### WHAT THIS TASK INVOLVES
For this exercise, please transcribe exactly and only the lines from the one containing "Vereint Musizieren - Vorschau" through the end of the material, both ends included, without pictures.

### DATASET CONTENT
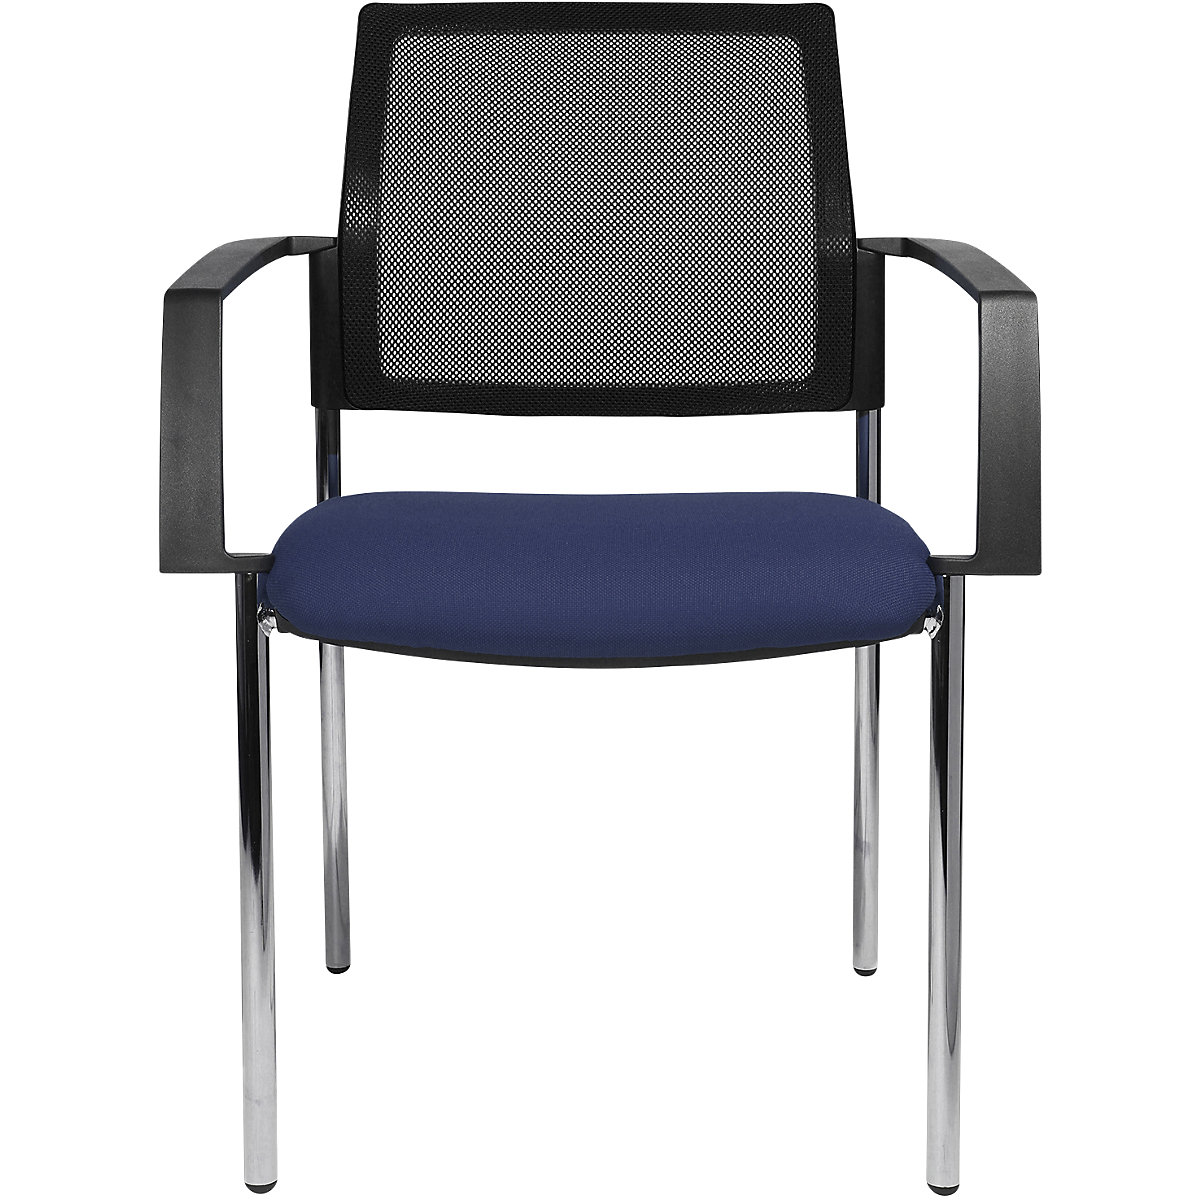 Mesh stapelstoel – Topstar, 4 stoelpoten, VE = 2 stuks, zitting blauw, frame chroom-3
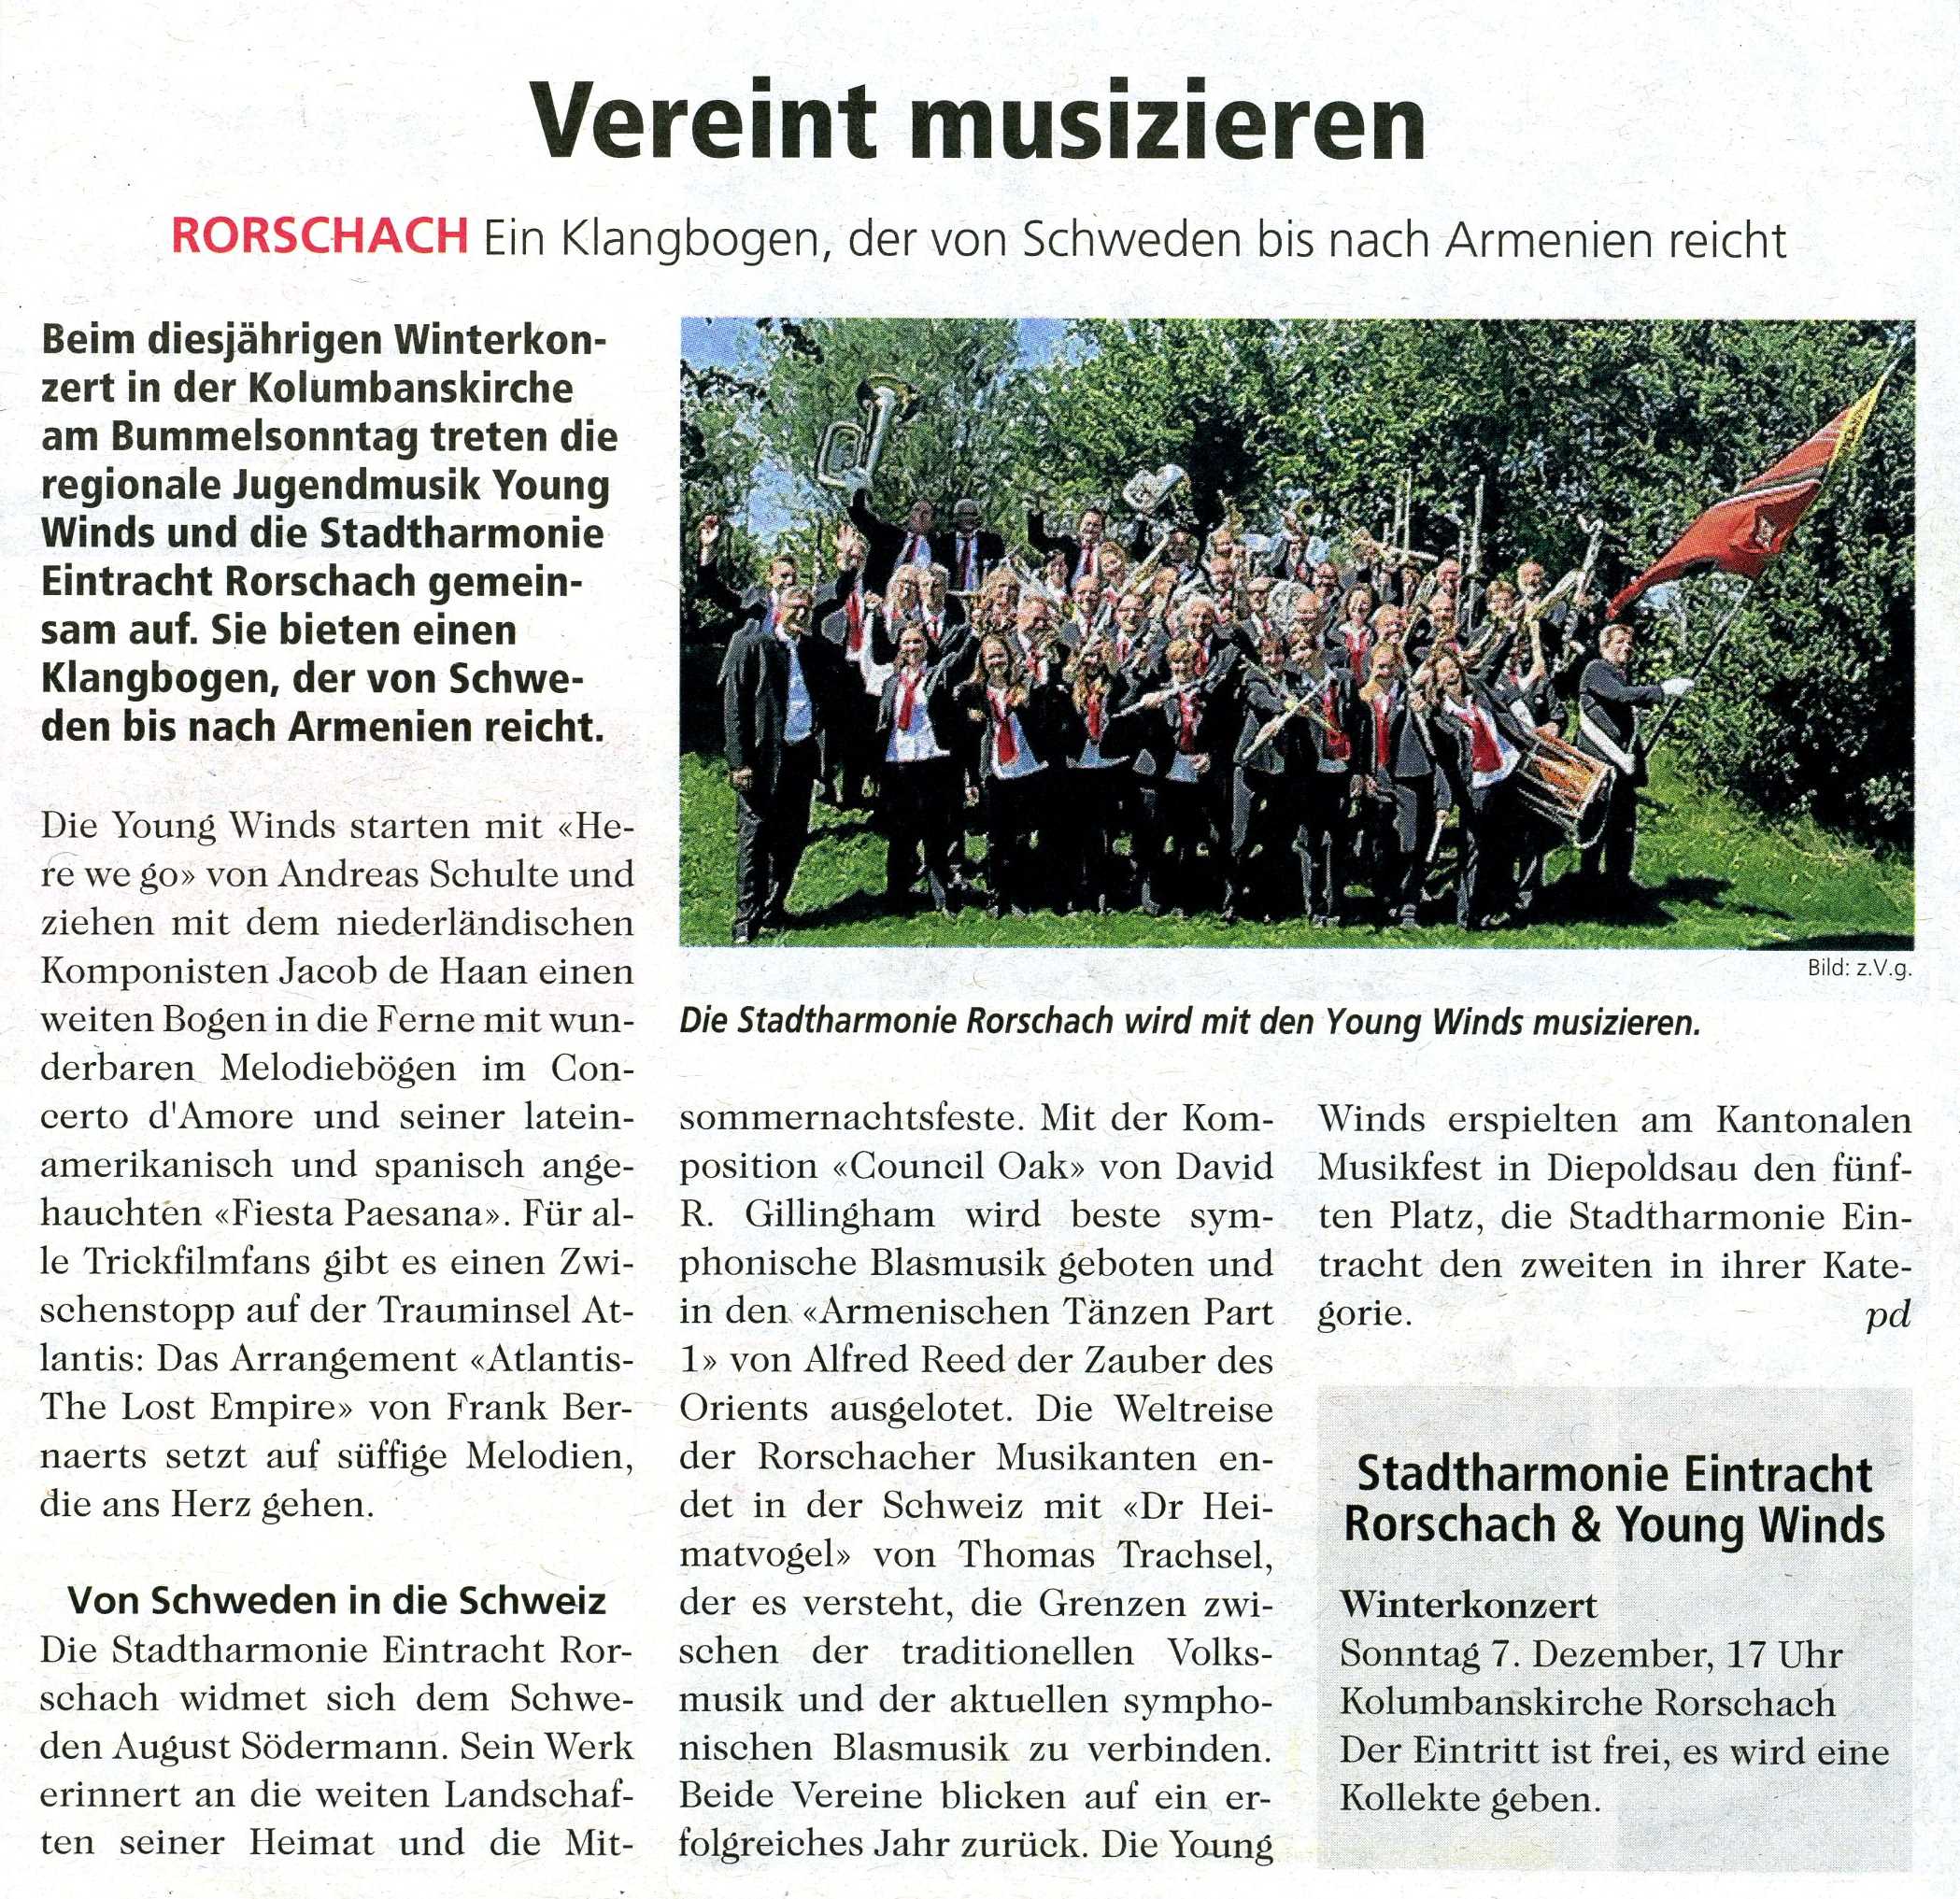 Vereint Musizieren - Vorschau auf das Winterkonzert der Stadtharmonie Eintracht
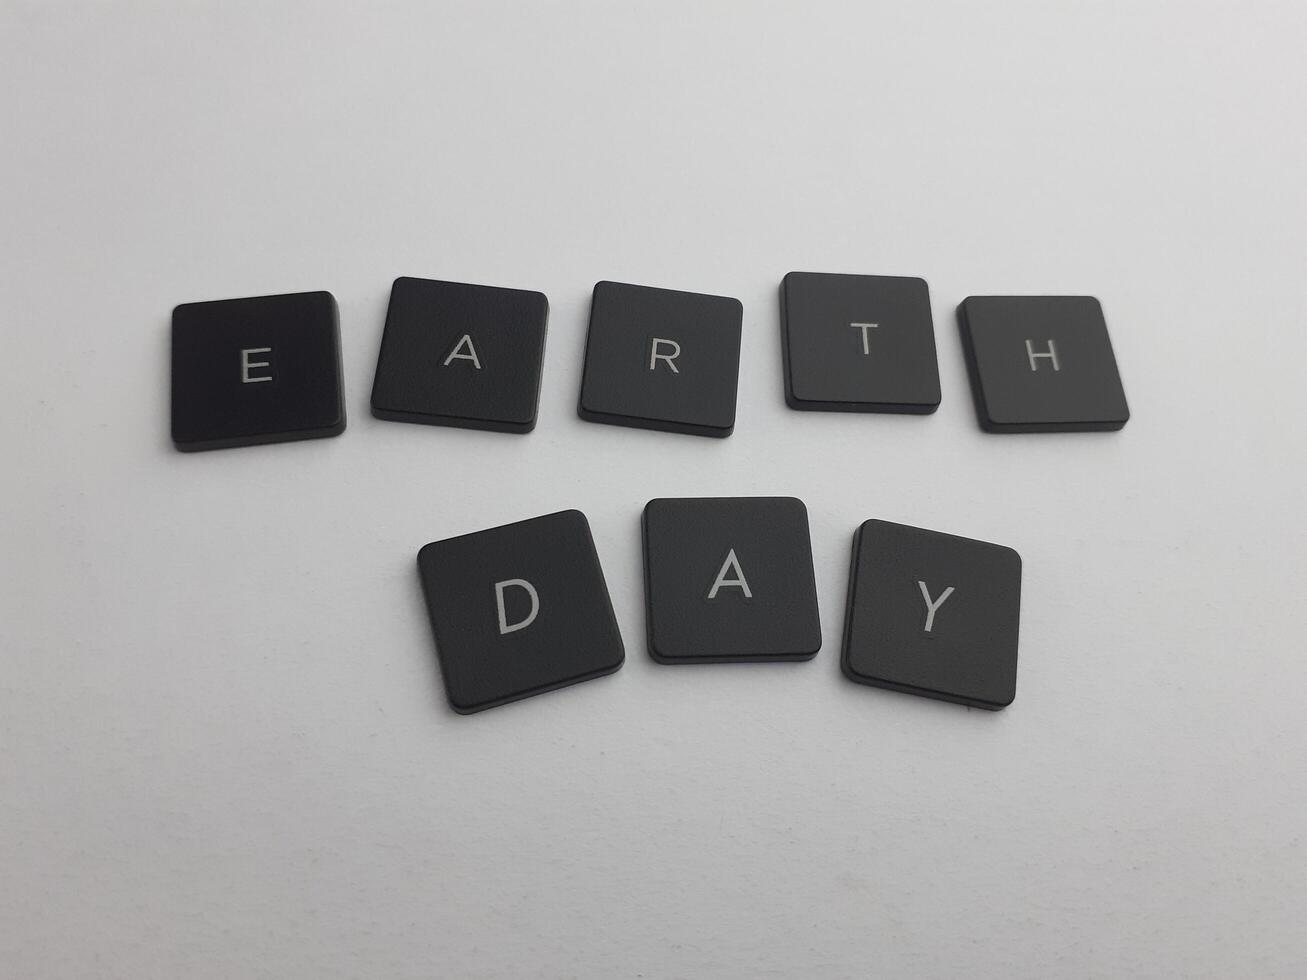 de ord jord dag stavat ut med svart knappar på en vit bakgrund foto

### RESULT OF THE TASK
 Vereint Musizieren - Vorschau auf das Winterkonzert der Stadtharmonie Eintracht
 de ord jord dag stavat ut med svart knappar på en vit bakgrund foto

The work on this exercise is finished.